In Today’s Deep Space Extra… NASA’s Commercial Crew Program test flights of SpaceX’s Crew Dragon and Boeing’s CST-100 Starliner have been slowed by a record partial U.S. government shutdown. Global temperatures continue to rise, according to independent assessments from NASA and NOAA.

Human Space Exploration

SpaceX’s Crew Dragon suffers third straight setback

Coalition Member in the News – Boeing

CNET.com (2/6): NASA wants to launch astronauts from U.S. soil for the first time in years with Elon Musk and Boeing’s help — but it still needs time. We’re going to have to wait a bit longer to finally see astronauts take a ride aboard new spacecraft from SpaceX and Boeing. NASA announced Wednesday that the first uncrewed test launches of SpaceX’s Crew Dragon spaceship and Boeing’s Starliner have been pushed back yet again. This is the third month in a row that NASA has announced a further delay for the first major test flight of Crew Dragon.

 

Space Science

Earth marks fourth hottest year on record as Congress opens climate hearings

Politico (2/6): 2018 was the Earth’s fourth warmest year, according to independent climate assessments from NASA and NOAA that were presented on Wednesday. Collectively, the last five years represent the warmest years in the modern record, dating to 1880, supporting concerns over a changing climate due to rising concentrations of carbon dioxide. The U.S. House’s new Democratic leadership plans hearings on the issue.
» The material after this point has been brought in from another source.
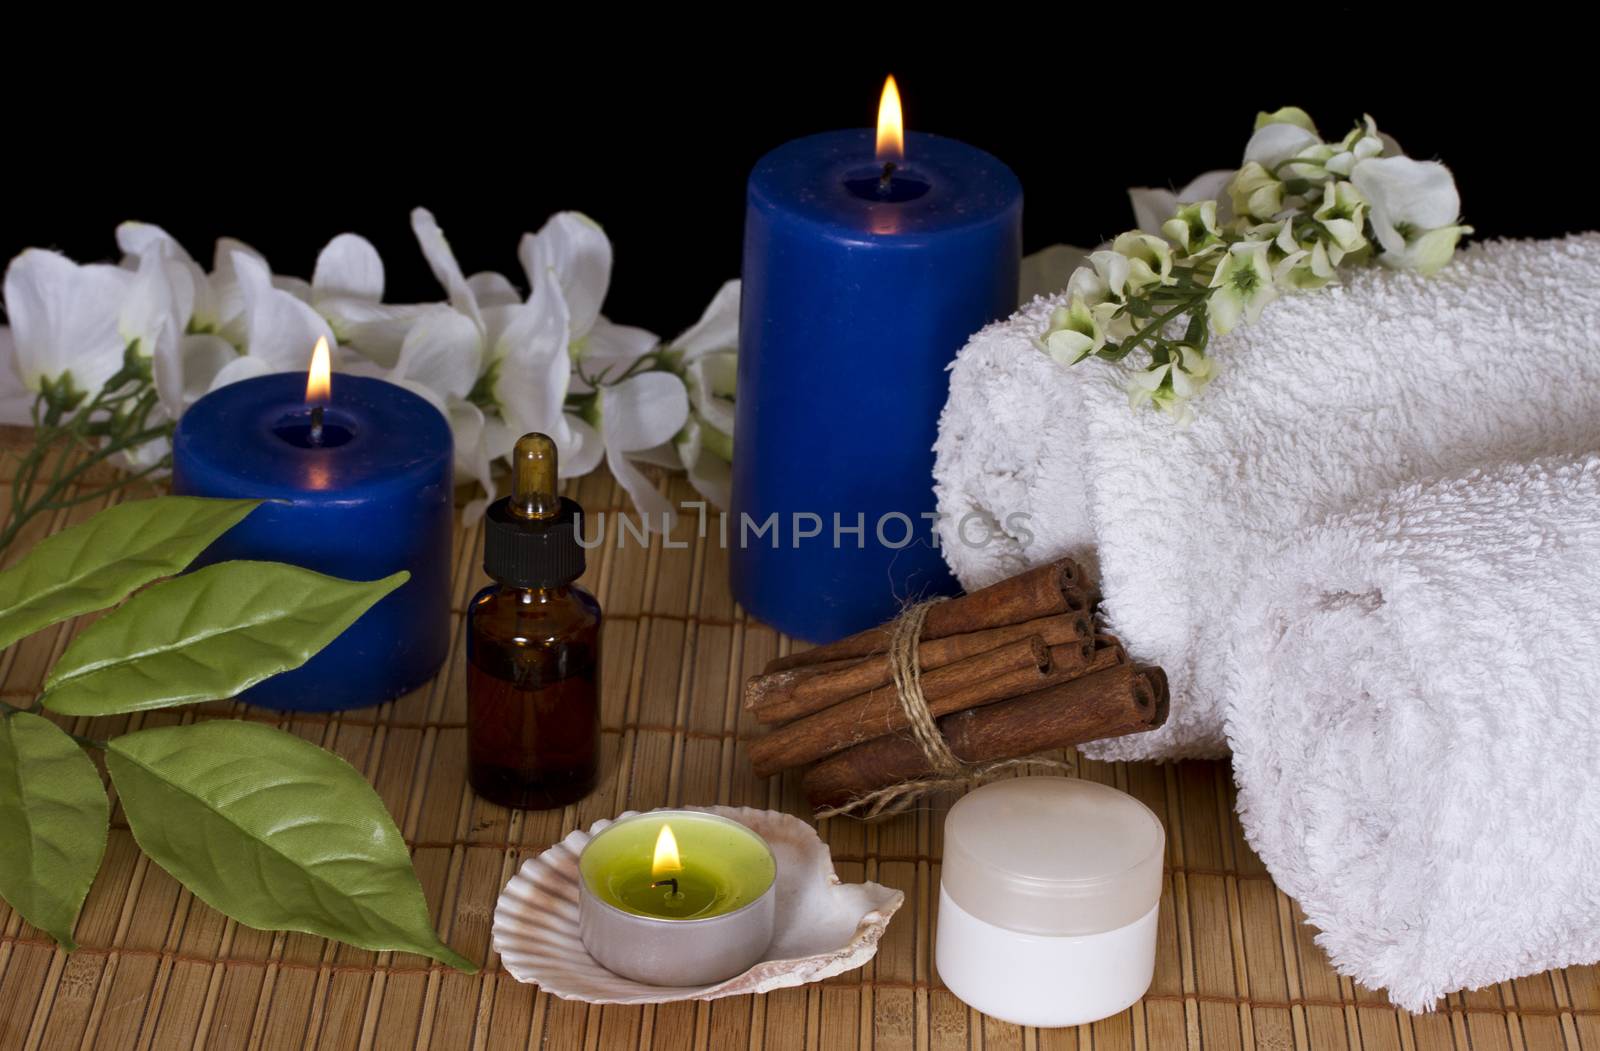 Accessories for spa treatments in the candlelight by Irina1977

Tiny swarming spacecraft could do more than map the solar system

NBC News (2/5): A NASA planetary science veteran and Honeybee Robotics have conjured a strategy for preparing future human explorers for a range of solar system destinations using fleets of precursor robot hoppers that are equipped to refuel themselves. The mobile robots are the brainchild of Philip Metzger, a University of Central Florida (UCF) planetary scientist, who participated in a recent demonstration of the concept, which is intended to lower costs and use off the shelf components, much like CubeSats.

Hayabusa 2 probe to try to land on asteroid Ryugu on February 22: JAXA

The Mainichi of Japan (2/6): The Japan Aerospace Exploration Agency (JAXA) has set February 28 as the landing date for its Hayabusa 2 asteroid sample return mission. The spacecraft, launched in late 2014, reached the asteroid Ryugu in late June and deployed lander/hoppers to the surface in September and October. The search for a landing zone sufficiently free of boulders in order to collect its first sample of surface material has paced the descent plans. The probe is to leave Ryugu late this year and return to Earth with its bounty in late 2020.
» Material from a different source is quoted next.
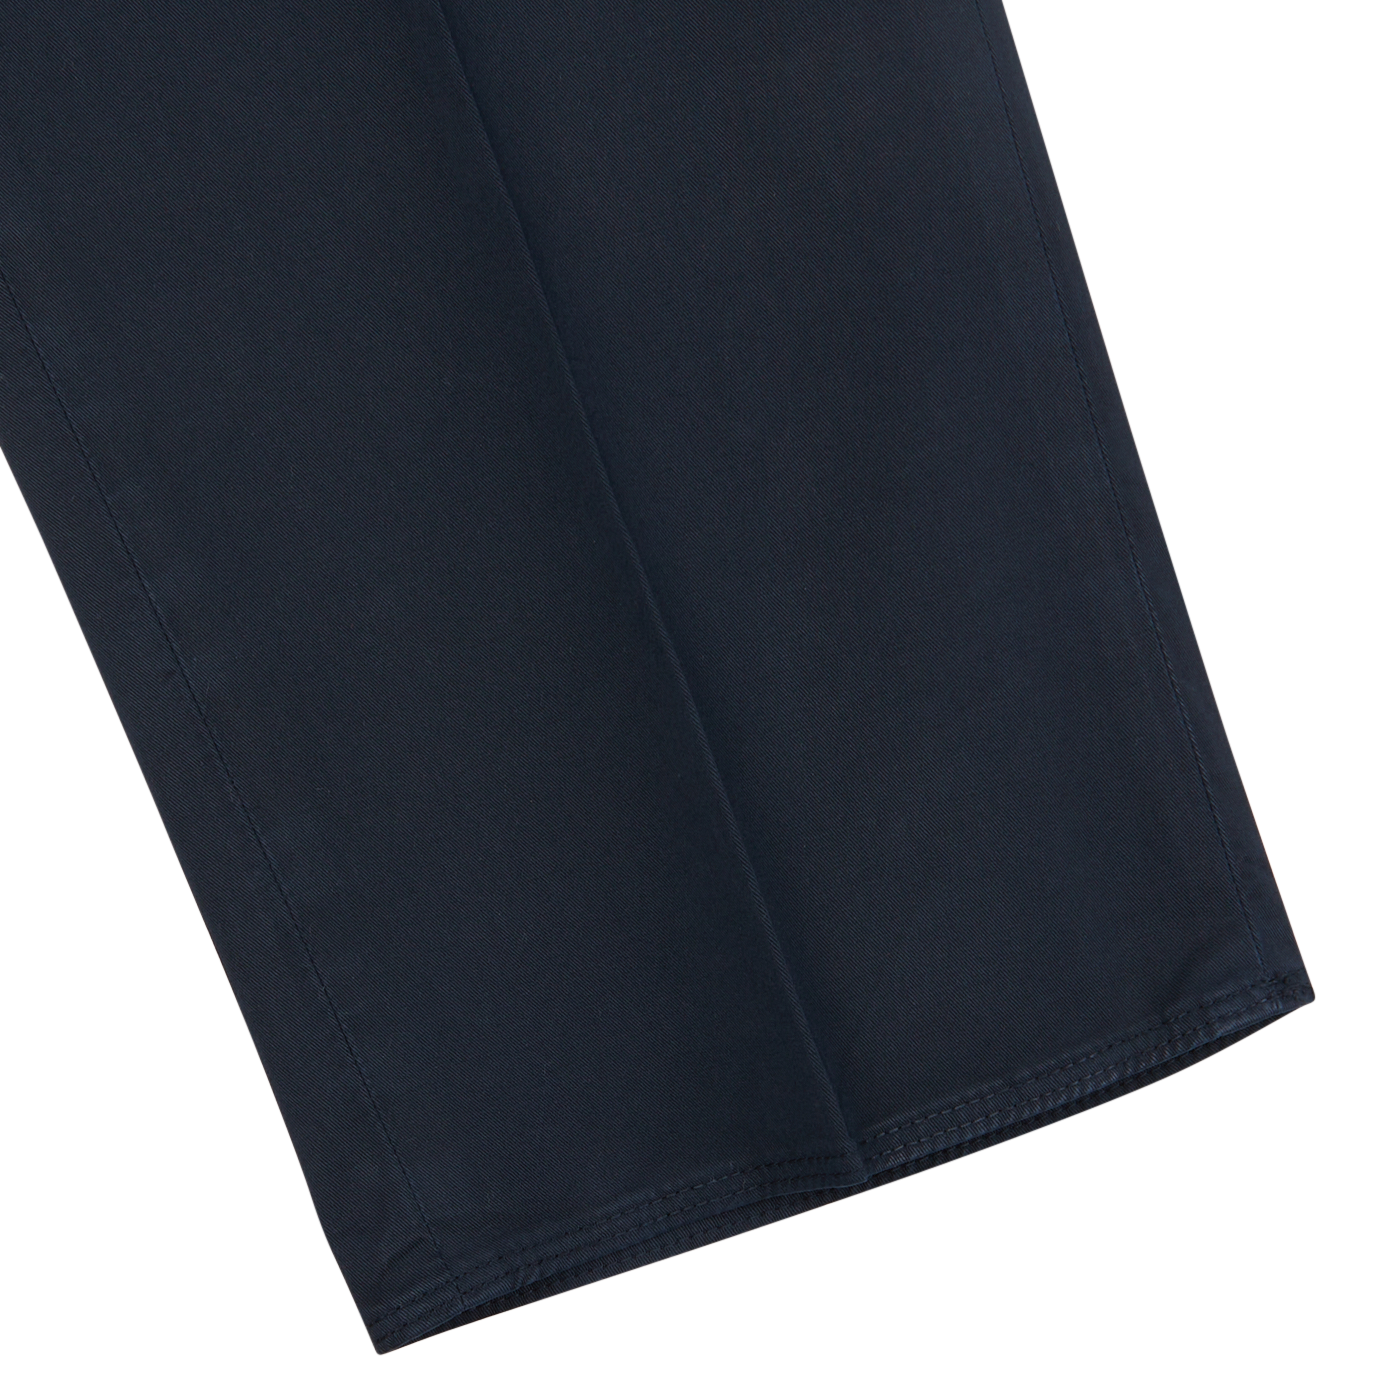 Close-up of Incotex navy blue cotton stretch regular fit chinos fabric, showing clean stitching and smooth texture on a light gray background.

Inside-out dense iron planets probably the result of massive collision

Ars Technica (2/5): Our own solar system portrays a violent past when it comes to planetary formation, even the Earth and Moon appears the product of a substantial collision between two bodies. Then, there is the Kepler-107 star system, one iron rich with at least four planets, perhaps shaped by a series of head on collisions.

A space rock collision may explain how this exoplanet was born

ScienceNews.org (2/4): Cataclysmic collisions between space rocks have helped explain some of the solar system’s biggest mysteries, from how the moon formed to how Uranus got its lopsided rotation. But convincing evidence for such events happening outside of the solar system is scant. Now scientists think that they have found the first known example of a near head-on collision between two massive worlds in another planetary system, roughly 2,000 light-years away from Earth.

 

Other News

SciTech Europa met with the Director General of the European Space Agency (ESA), Johann-Dietrich Wörner in Brussels to discuss some of Agency’s current and future activities

SciTech Europa (2/6): In a meeting with SciTech Europa in Brussels, European Space Agency (ESA) director general Johann-Dietrich Wörner discussed future and ongoing exploration themes, stressing the peaceful uses of space to improve observations of solar activity, reduce orbital debris and advance planetary protection strategies to prevent an impact between the Earth and a large meteorite or asteroid.

Chinese satellite captures stunning backside image of the Moon with Earth

Verge (2/5): China’s Longjiang-2 satellite, which entered orbit around the Moon last June, has returned an image of the Moon’s far side with Earth in the background. The image was taken on February 3. The satellite acts a communications relay for China’s Chang’e 4, which landed on the Moon’s far side with a rover early this year, a first.